How the third-party candidates are like the people who married into your family

It’s quite hard to believe that of a nation of more than 300 million individuals, each with different viewpoints, background, experiences, and mentalities, everyone in America is expected to choose between two parties with complex ideologies. In most countries, there is a multi-party system where people pick the party that most closely fits their beliefs. In the United States, we’re not a fan of the whole “memorizing” thing, and so we just stick with the two party system to keep it as simple as possible.

The two major parties are often portrayed by the media as the only parties putting someone up for election. As someone who is — debatably — part of the media, and holds myself to a high journalistic standard — also debatable — I don’t want to play into the two-party system which constricts the American voters.

If there are any readers who are unhappy with our two candidates, I want to inform you of the third-party candidates running for the presidency in 2016. Instead of laying out their policy points and losing the few readers I have — hi Mom — I planned to break down these candidates based on who they are as people. So, here is how each of the major third-party candidates is like the people your blood-relatives decide to marry. They’re not good enough and you don’t hear about them too much, but they’re still just kind of there.

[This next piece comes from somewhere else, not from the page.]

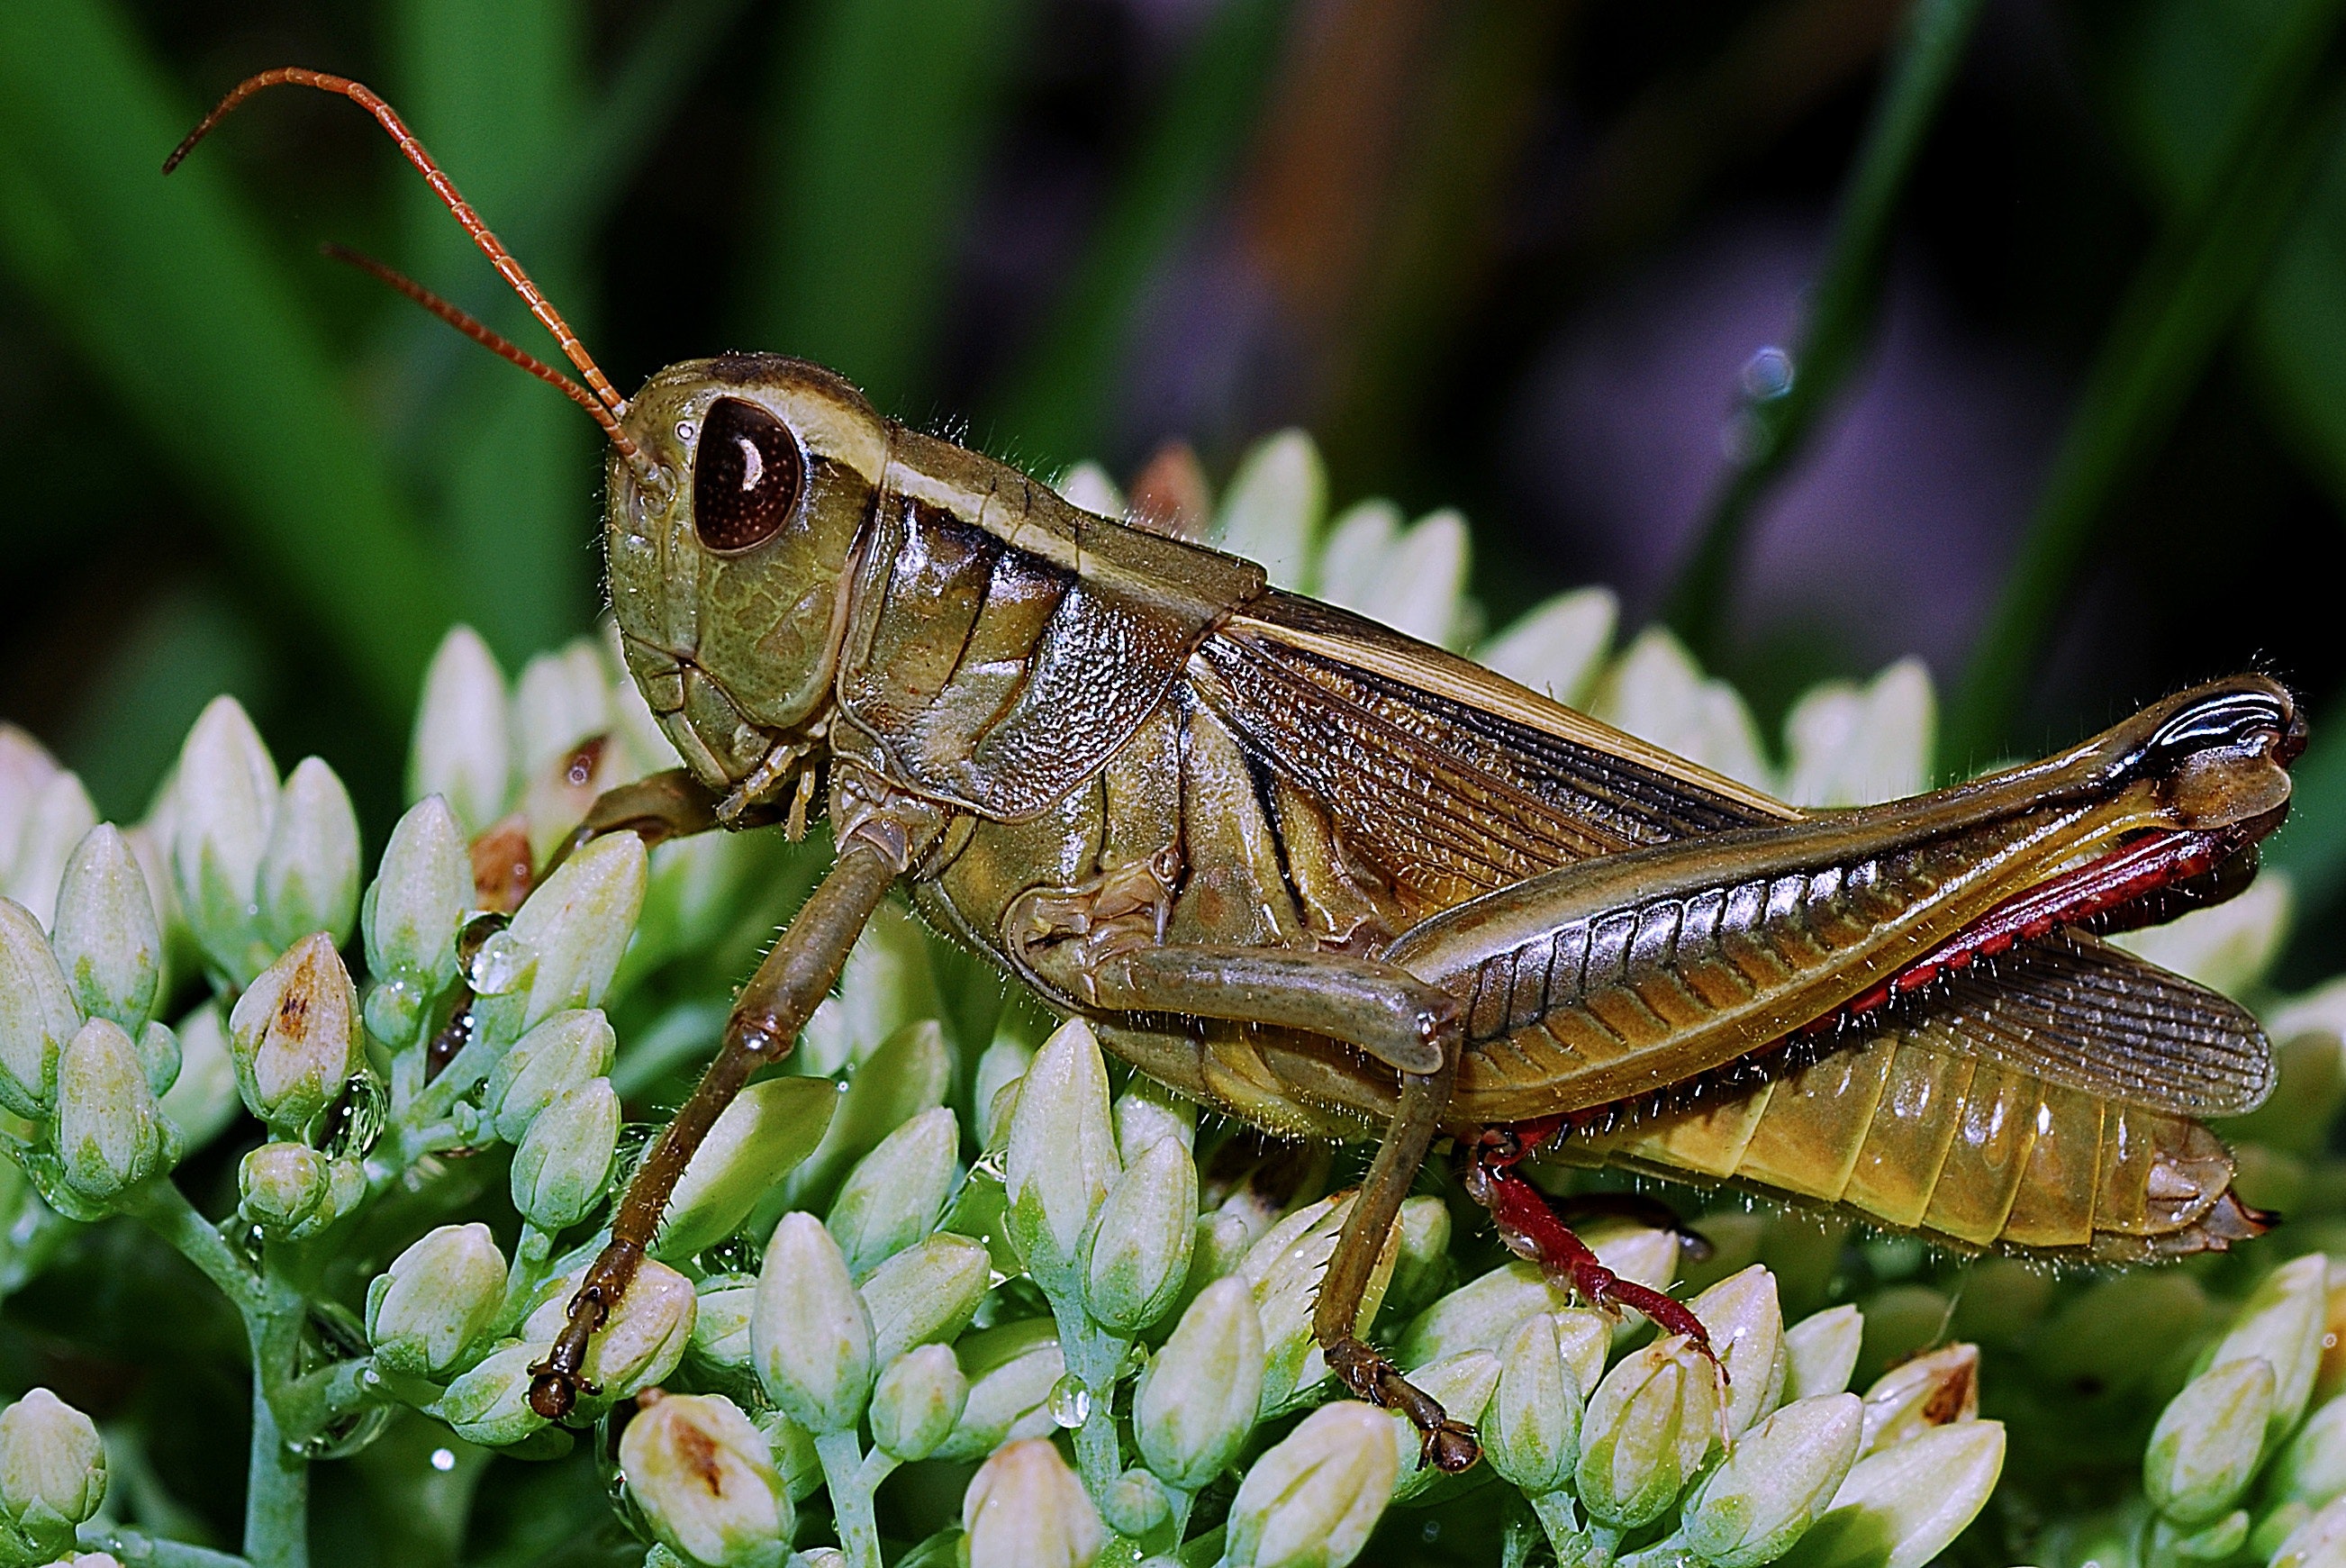 Green grasshopper photo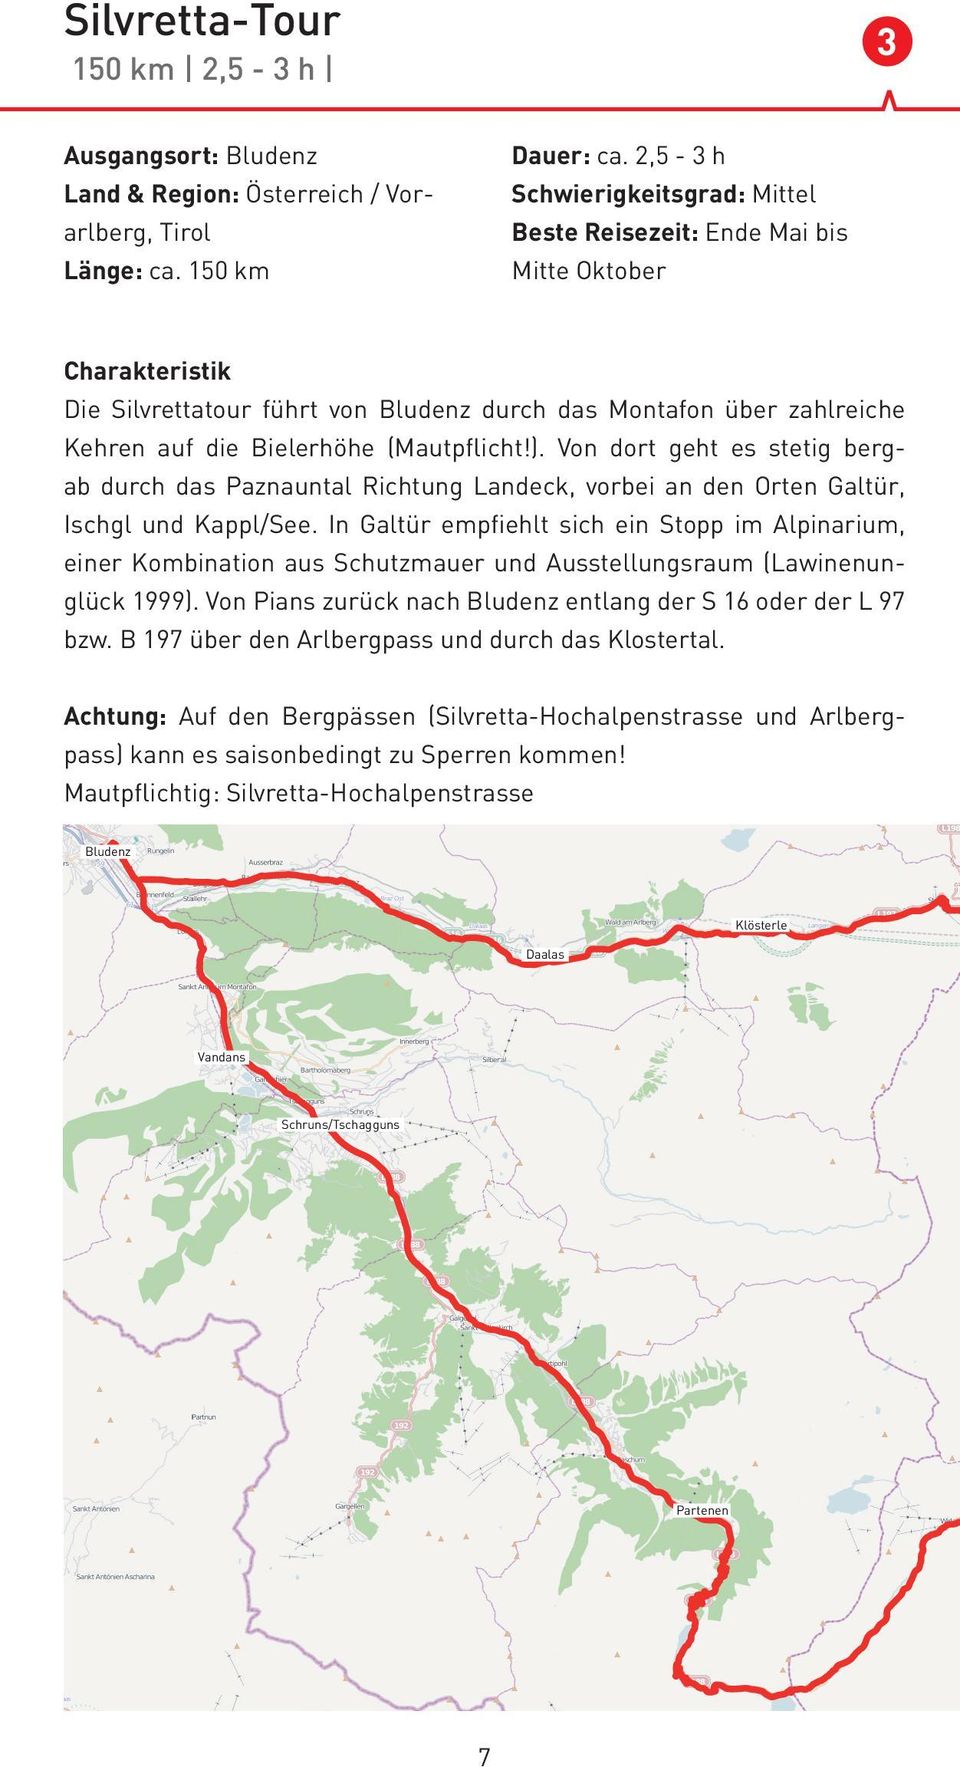 (Mautpflicht!). Von dort geht es stetig bergab durch das Paznauntal Richtung Landeck, vorbei an den Orten Galtür, Ischgl und Kappl/See.

Evan McMullin, Independent, Never Trump: Your Sister’s Husband

Evan McMullin could totally beat you to a pulp. That’s part of the reason why you say you like him. Let’s be clear, he’s a super nice guy. But his stories of punching Al Qaeda members in the face during his CIA days definitely makes you feel inferior.

She’s not your sister anymore, she’s his wife, at least that’s how your parents refer to her. Yeah, it’s gotten to that point.



The weird thing is, nobody really knew where he came from. Your sister almost married a real asshole before him, and when she realized how badly she was treated, she married the next guy who spoke in a respectful tone. It’s almost like he saved her from the other guy. He showed up to family events when they announced getting married, and then we never saw too much of him afterwards.

He’s still the Alpha male, though.

Gary Johnson, Libertarian Party: Your cousin’s husband

Why did your cousin get married at 23? More importantly, why did she marry a 45 year old divorced dad? Her parents tried to stop her, but she didn’t listen because she was too busy loving the Johnson.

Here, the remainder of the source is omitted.